Release Date: 10/31/2024


Features

1. CSV Upload and Default Dataset

  • File Uploader: Users can upload any CSV file for immediate analysis and exploration.
  • Default Dataset: If no CSV file is uploaded, the app defaults to a sample dataset (customers-100000.csv) located in the data/ directory, allowing users to test features without needing their own data.

2. ETL (Extract, Transform, Load) Transformations

  • Data Cleaning: Automatically removes rows with missing values to streamline analysis.
  • Date Conversion: Converts Subscription Date column (if present) to datetime format and calculates a new column, Years Since Subscription, indicating the number of years since each customer’s subscription date.
  • Categorical Encoding: Converts categorical columns into numeric format using label encoding (excluding non-informative columns like Email and Website).
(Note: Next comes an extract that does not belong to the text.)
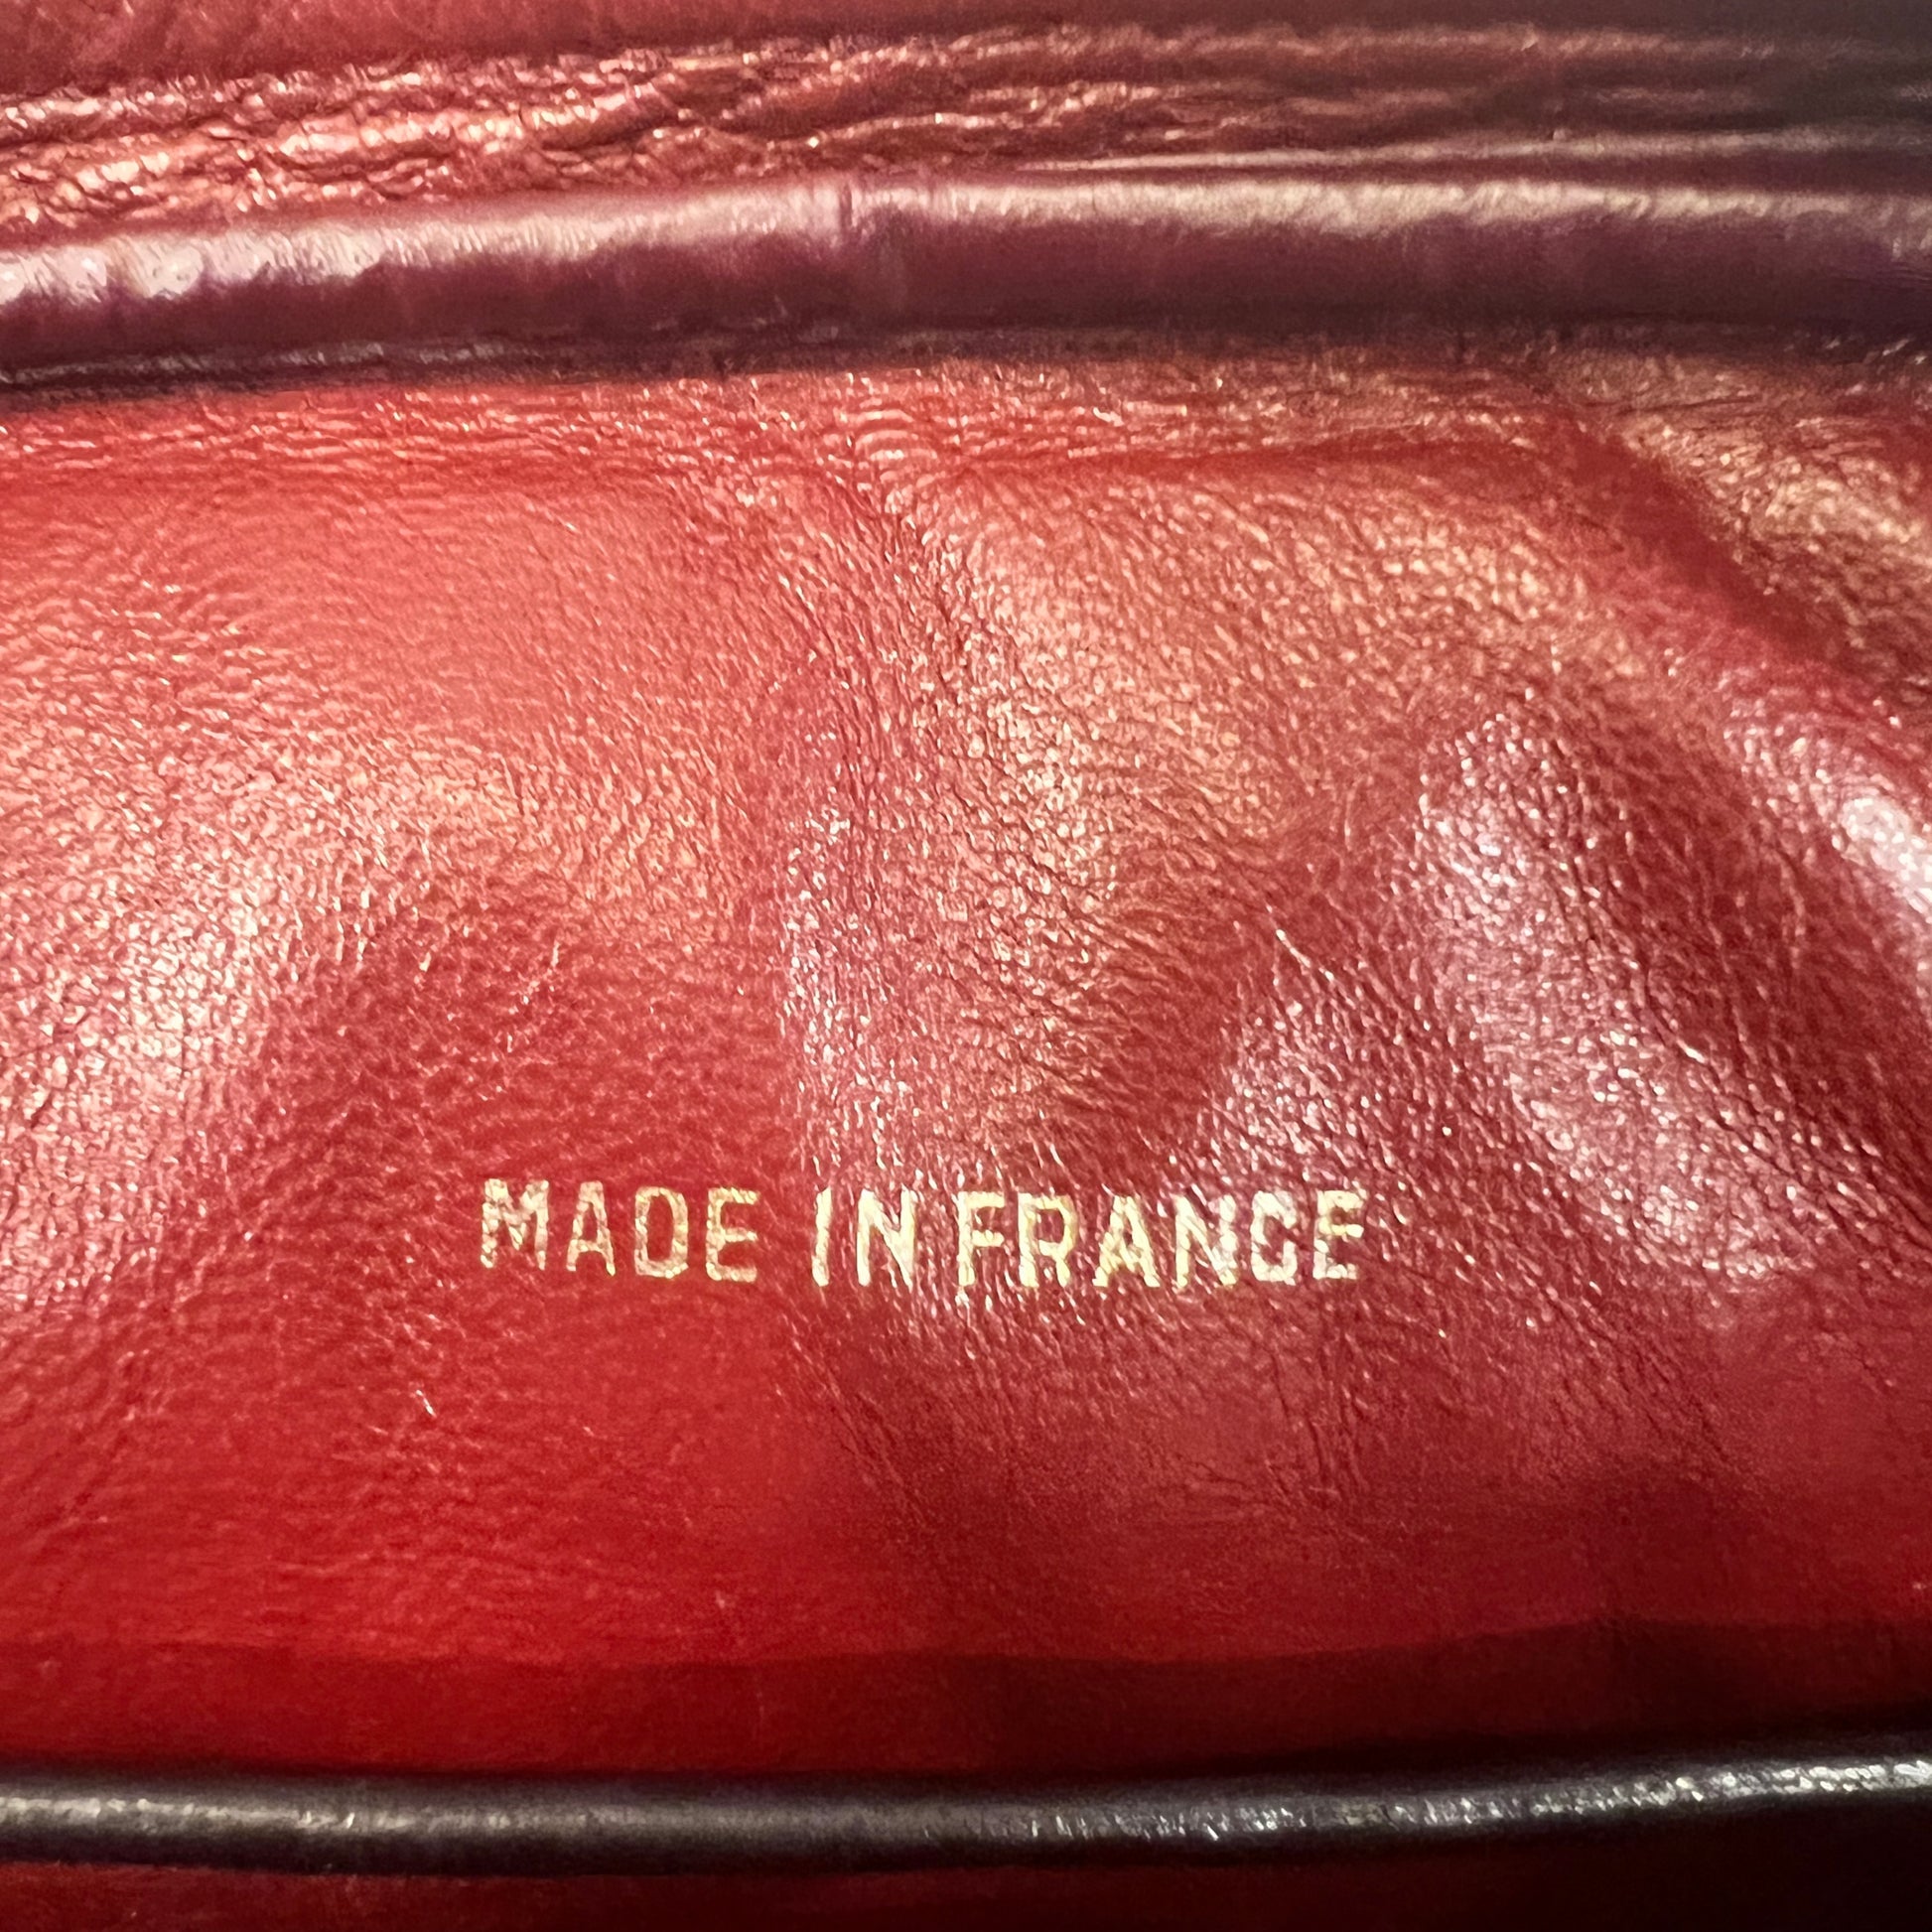 Chanel Vintage Camera Bag – ALC Luxury

3. Synthetic Data Generation

  • Annual Purchase Amount: Introduces a synthetic target column (Annual Purchase Amount) generated with random values to demonstrate predictive analysis capabilities.

4. Interactive Data Visualization

  • Chart Options: Allows users to visualize data with five chart types:
    • Scatter Plot
    • Bar Chart
    • Line Chart
    • Histogram
    • Box Plot
  • Column Selection: Users can select any numeric column for X and Y axes, making data exploration flexible and adaptable to different datasets.

5. Clustering Analysis

  • Feature Selection for Clustering: Provides an interactive feature selection for clustering analysis with KMeans.
  • Standardization: Scales selected features to ensure equal contribution in clustering analysis.
  • Cluster Visualization: Displays clusters in a scatter plot with color-coded groups to illustrate natural data groupings, allowing for easy segment identification.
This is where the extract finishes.